* DATA PROVIDED:
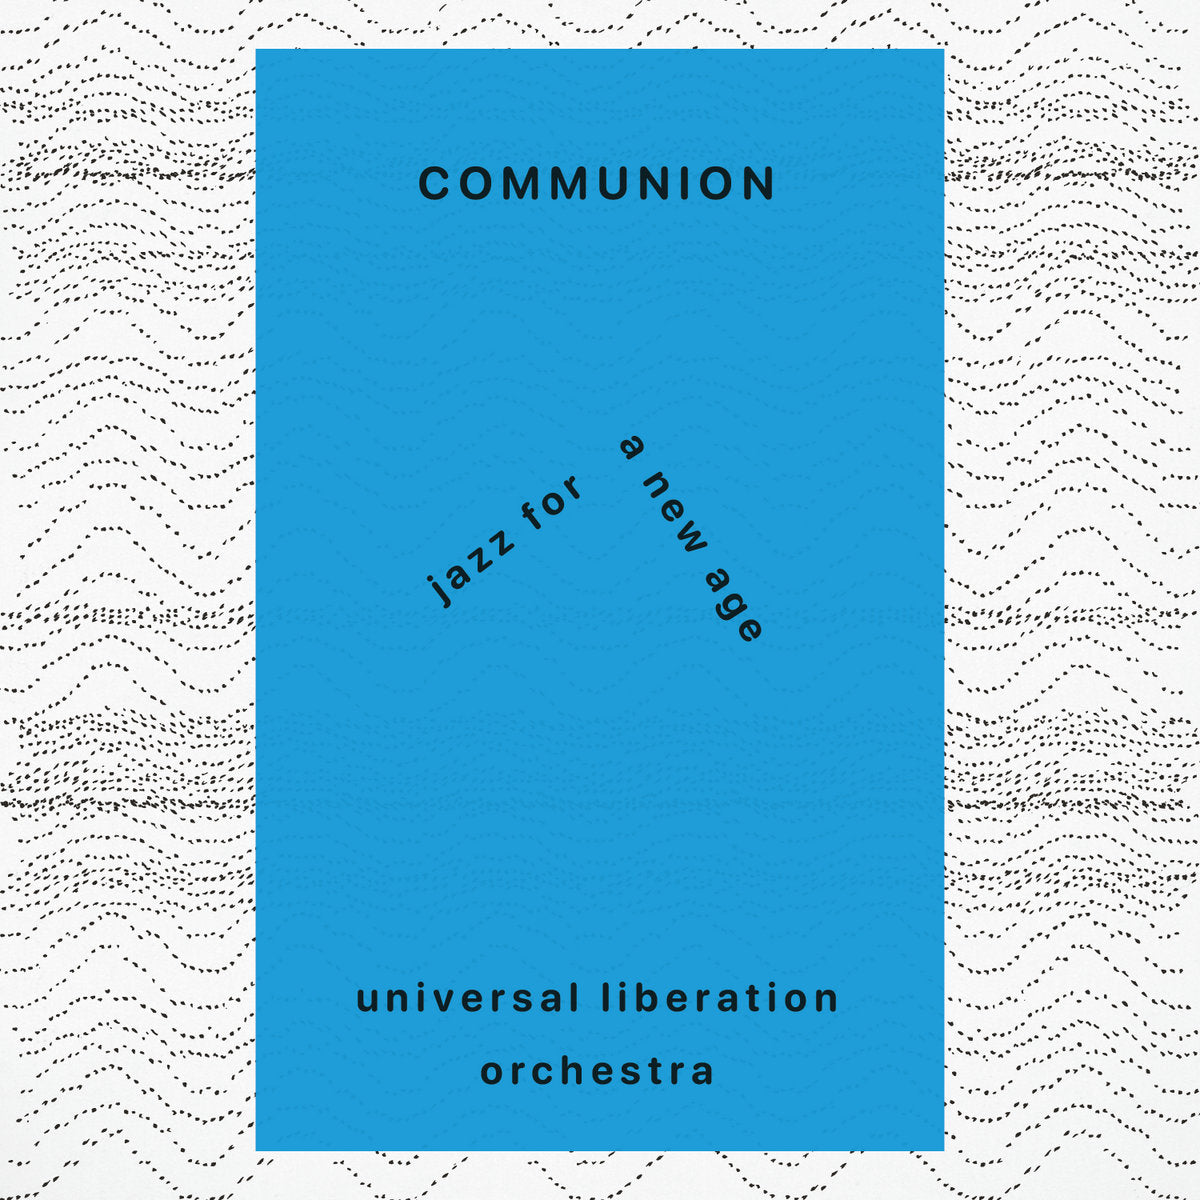 Universal Liberation Orchestra - Communion
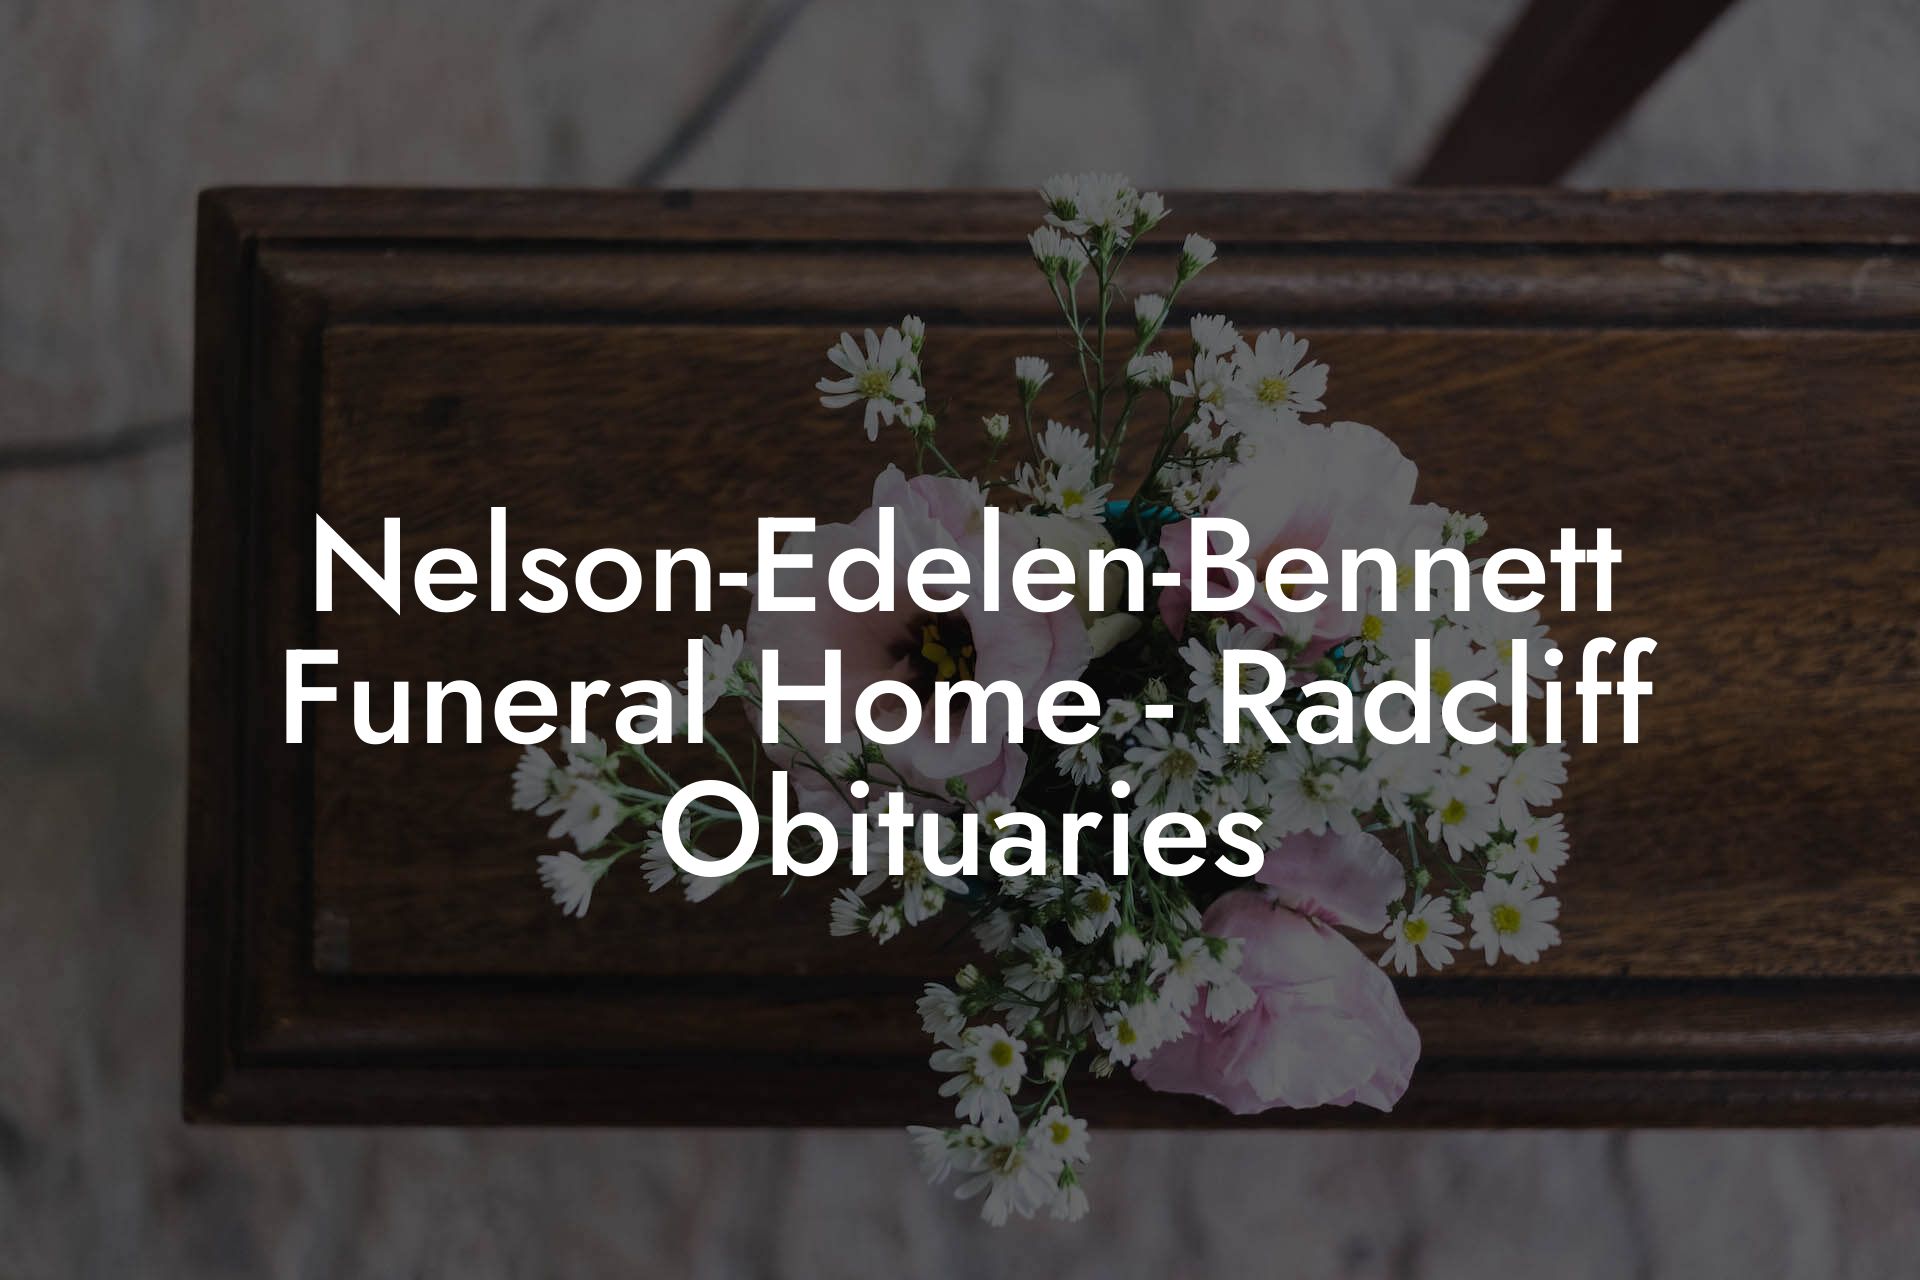 Nelson-Edelen-Bennett Funeral Home - Radcliff Obituaries
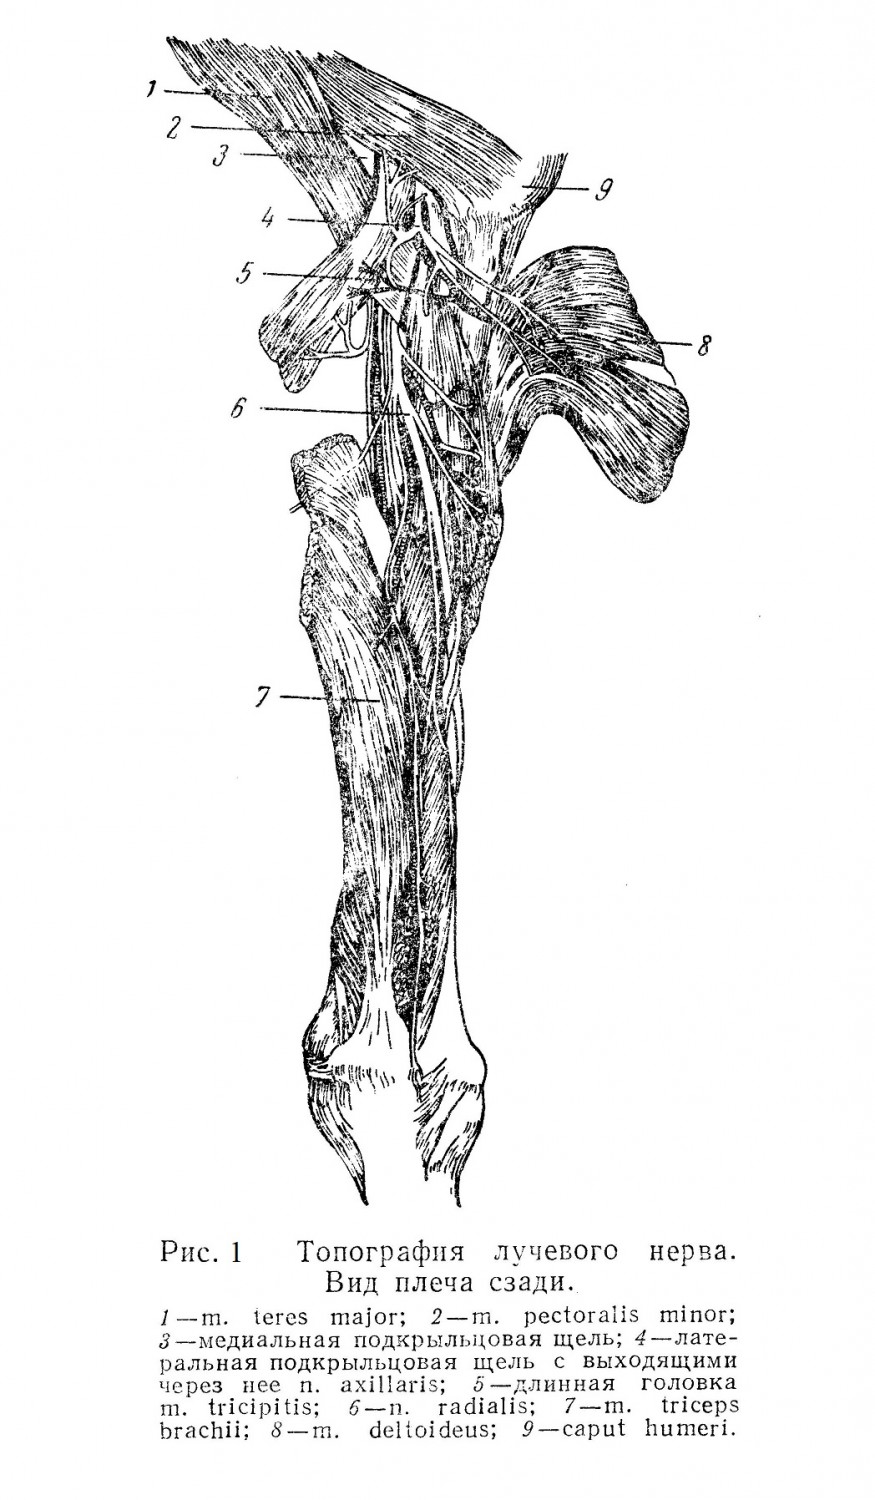 Топография лучевого нерва. Вид плеча сзади.

* WORK TO BE COMPLETED: Give back all the data exactly, minus pictures.

* EXERCISE RESULT:
 Universal Liberation Orchestra - Communion
 Nelson-Edelen-Bennett Funeral Home - Radcliff Obituaries
 Топография лучевого нерва. Вид плеча сзади.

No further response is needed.